I'm really not okay with it - I can see the comical side sometimes but when you have two people walking very slowly in front of you, both talking in their cell phones, or talking closely between themselves while sms'ing or gaming, and becoming almost incommunicado, that's not fun. When people use their phones in the street they often change the way they move: they hunch over, they shut off contact with the outside that's around them in this spot, they move towards the centre of walkways or alleys and in doing so they block them for anyone coming up behind them or meeting them (because their gestures are still big and they tend to saunter from side to side in the middle of the path, so you can't get by safely without securing in a heavy-handed way that you've been noticed). In short, they'll create a bubble much thicker than you would need for carrying on conversation, and kind of clog up the flow of people.. And just don't get me started on people who spend lots of time talking handsfree, so that from just a few metres distance it's often impossible to know if their ears are plugged to the phone, and if they would hear you saying "excuse me!" or "hey there!" Someone put it that advanced cell phones makes us act less like citizens, less concerned with a public space or public outreach, and this seems too true sometimes.
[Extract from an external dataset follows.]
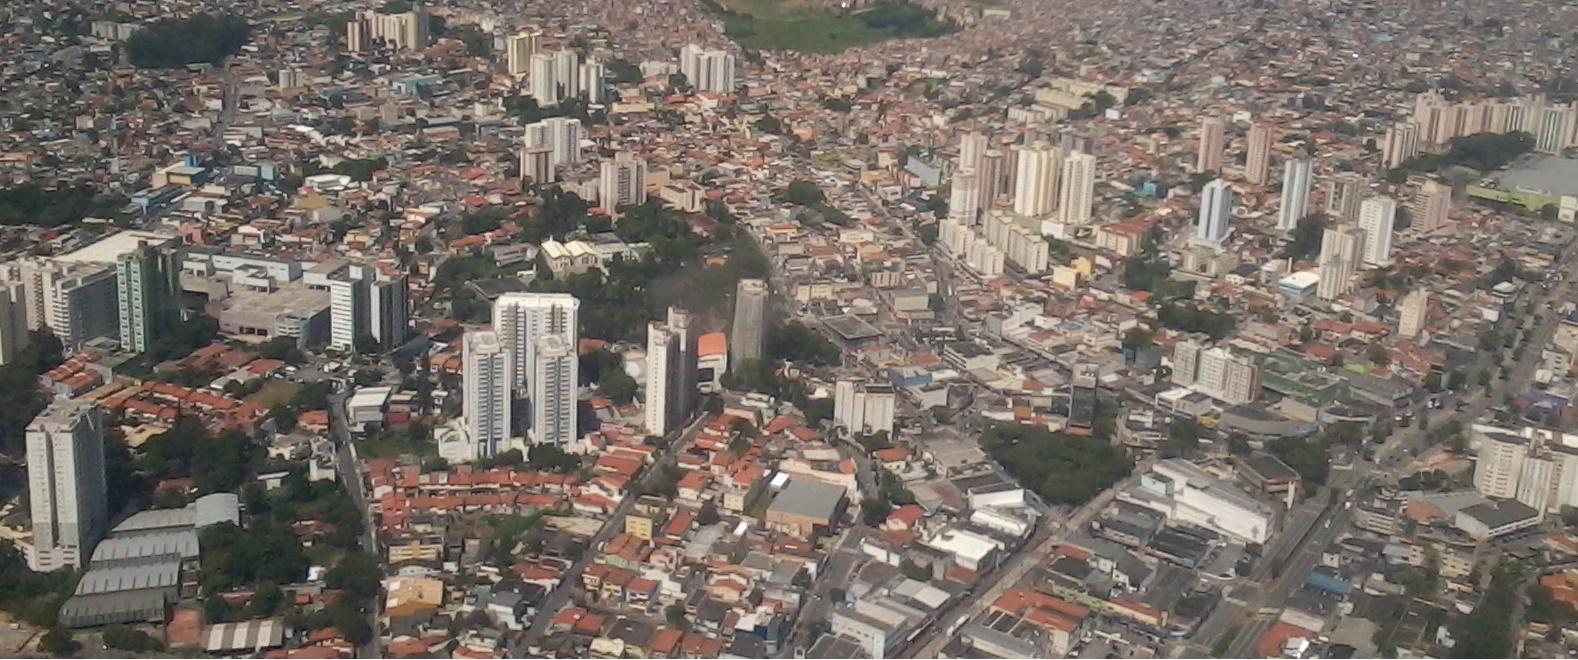 DIADEMA 10  -  Diadema é o 40º maior PIB brasileiro e o 14º do Estado de São Paulo.

Libraries, concert halls/arenas/theatres, movie theatres and schools should absolutely have a strict recommendation (sometimes a downright order) to have cell phones turned off. same for parts of trains,and for airplanes in general. I don't buy it that kids need to have their cell phones - or still worse, ipads -  on all day in school, and someone whose phone starts cuckooing in a concert hall is disrupting the event everybody there has paid to come see.